そのメモを見たい気もしなくはないけれど、今はそんな事よりもだ。
「誰かに頼る事ない試練の突破……? 強制試練中に捕まる可能性を少しでも下げる……いや、そんなことして下がるかな? いや、でもハイネスさんが子供でプレイしてた時期は短いはずだし、子供の事は僕よりも当然理解してないはず……。あり得るな……」
確かに僕ら子供は、強制試練中のプレイヤーが捕まった時点で敗北するというシステムがあるし、実際敗北している理由の半分以上はそれだ。
なので、子供陣営の事にあまり詳しくないのであればそこを個々のプレイヤースキルをさらに向上させることで改善しようとする可能性はある。
だけど、実際はそこまで効果はない。
なぜなら、強制試練中に捕まるって言っても、元はと言えば普通に逃げていて捕まっているのと何ら変わりがないからだ。

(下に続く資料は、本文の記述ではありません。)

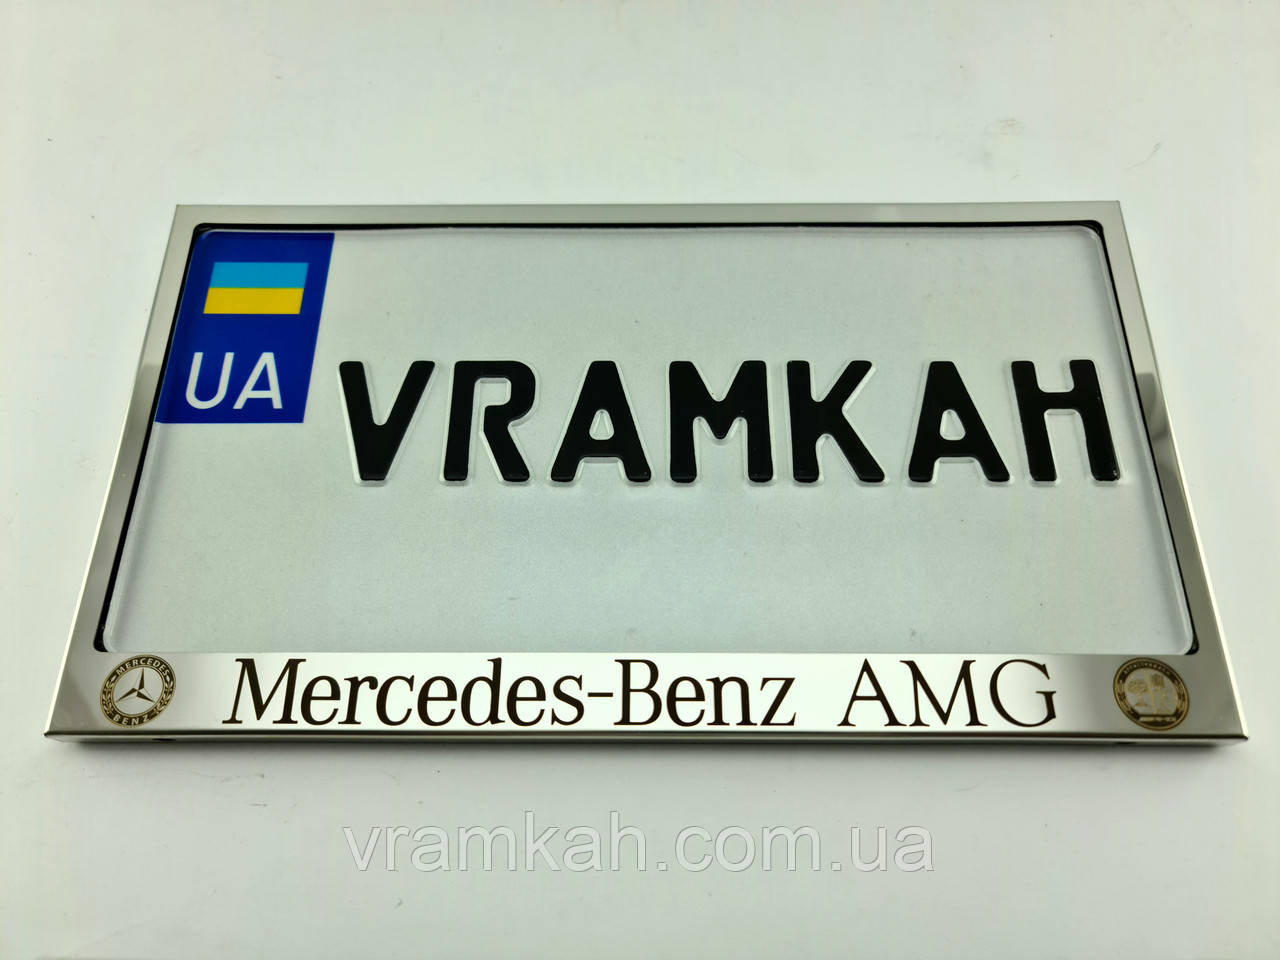 Номерна рамка для авто Mercedes-Benz AMG, рамка під американський номер
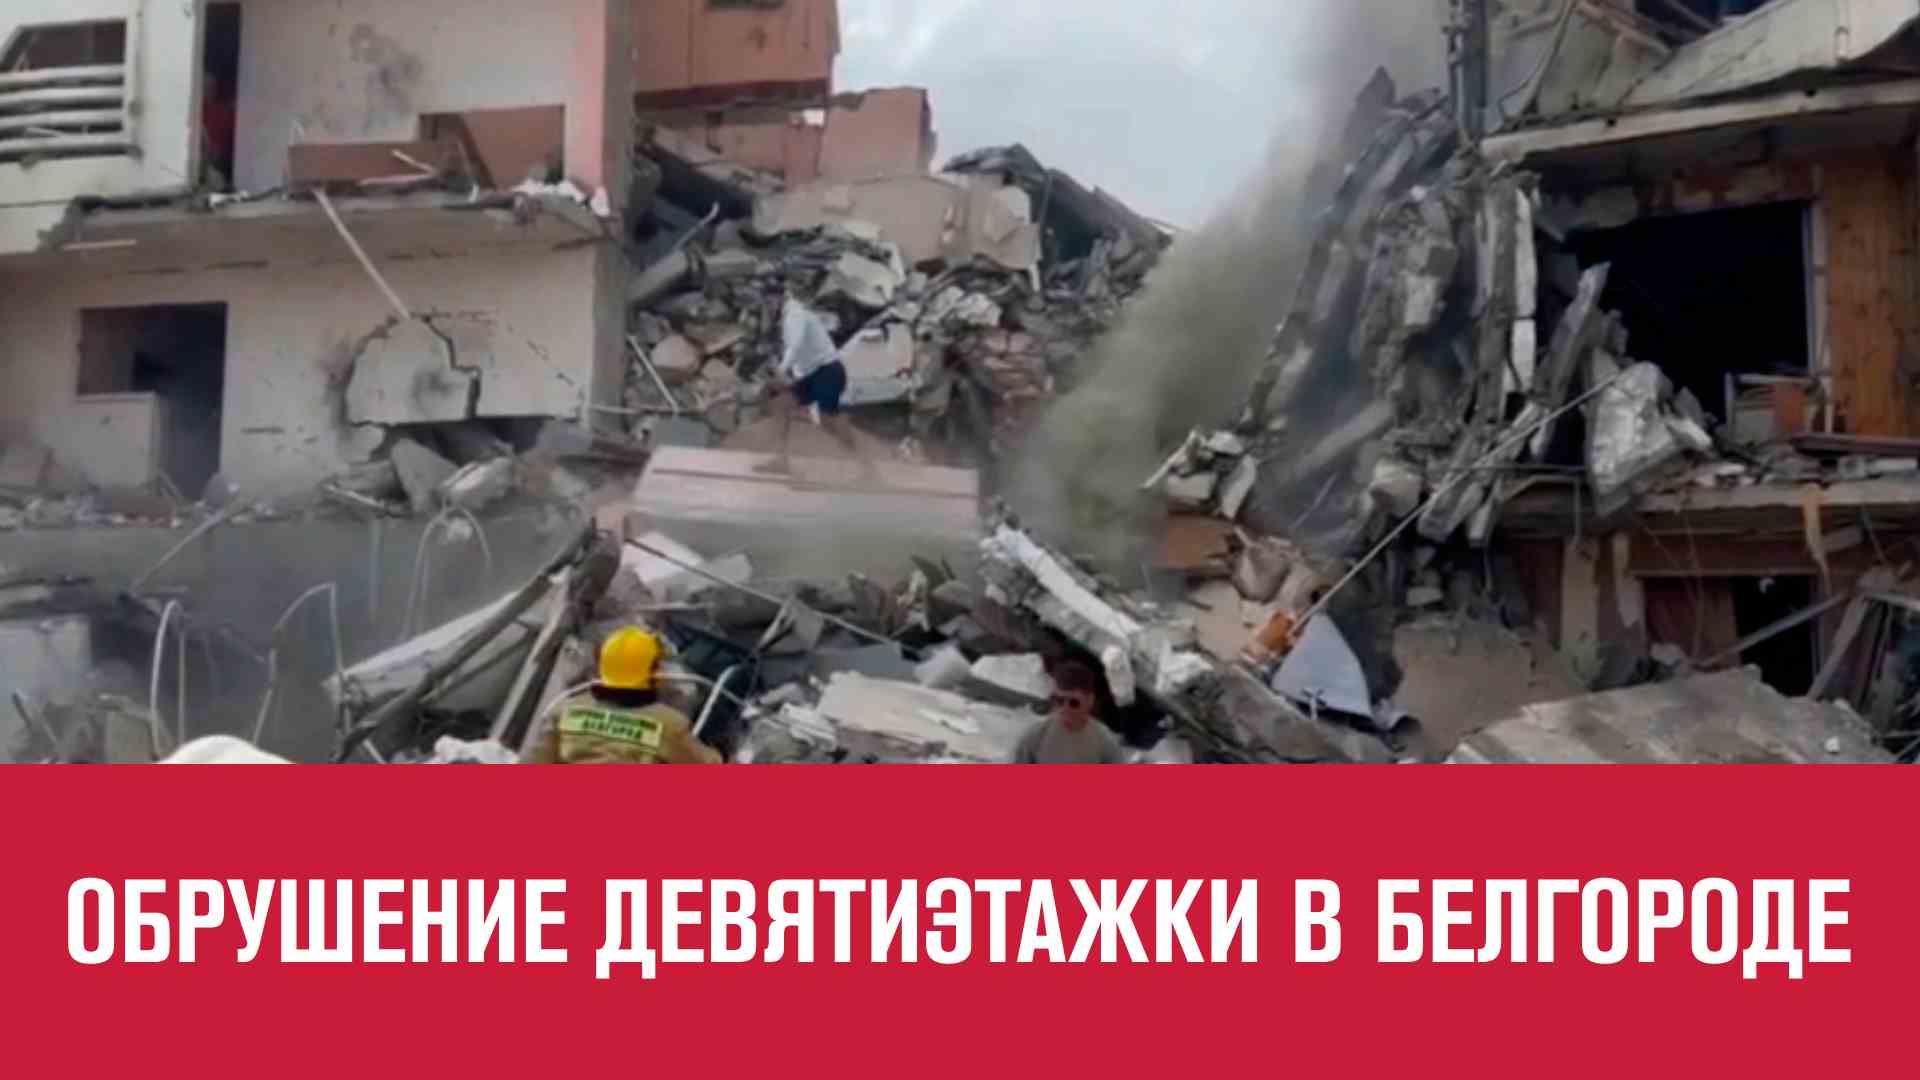 Подъезд жилого дома рухнул при обстреле в Белгороде - Москва FM

そこに『強制試練中』というオプションが付くだけで何も変わらない。
つまり、個々でやろうが集団でやろうがそこまで関係ないし、なんなら強制試練は2人か3人を犠牲にしてでもしなければならない物なので、個々でやる事は滅多にないのだ。
「とりあえず2個目はこれで良いとして……。次は……ん? いや、そんなことあるかな……」
――鬼視点
「ねぇメルちゃん、ほんとに捕まえに行かないの? あんなにかわい……じゃなくて、あんな絶好の場所にネクラさんがいるのに」
少し不満げな猫耳の和服少女を呆れた目で見つつ、もう1人のメルと呼ばれたプレイヤーも彼女が見つめる先――縄文杉で1人寂しくポツンと座りながら何事か考えているネクラを見つめる。
メルは猫耳少女と同じく和服を身に纏い、腰に3本の刀を差した独特のアバターで、最近ネクラが猫派だと聞いて恥ずかしいが猫耳を買う事を検討しようか本気で悩んだというネクラガチ恋勢の一人であり、元々ミルクとミラルが所属していたチームのリーダーでもあった。
今は『Moon light』の副リーダーを務める立場だが、その実力はランキング上位常連であり、現在のランクはネクラの解説動画のおかげで過去最高の6位をマークしていた。
その本業は女子高の教師なのだが、その件については良いだろう。
「みーにゃさん、気持ちは分かりますけど今回は相手方にお願いされてるんです。ネクラさんは追わないでほしいと」
「なんで~!」
「さっきの試合でも言ったじゃないですか。ネクラさんを追ってるとそれだけで時間のロスになりますし、海外の人や日本予選ではネクラさんなんて無視する人の方が多いので、その想定でやってほしいと」
「にゃ~! 分かるけどさぁ!」
交流戦が行われる前日、子供側の指揮官をしている私達のリーダーの元にハイネスという人から連絡がきた。
その内容は今みーにゃさんに言った内容と同じだ。
今回、ネクラさんは仲間内からもいないものとして扱われるので、そちらもいないものとして扱ってほしいとの事だった。
「っていうか、寂しがってるの見え見えじゃないですか。可愛い……」
「ほら、スクショ撮ったらさっさと次に行きますよ。まだ全然捕まえられてないんですから」
「は~い!」
実は、前回も噴水広場で寂しそうにポツンと座っていたネクラさんが可愛すぎて本人に気付かれないように何枚もスクショしてしまったのだが、それは私だけの秘密だ。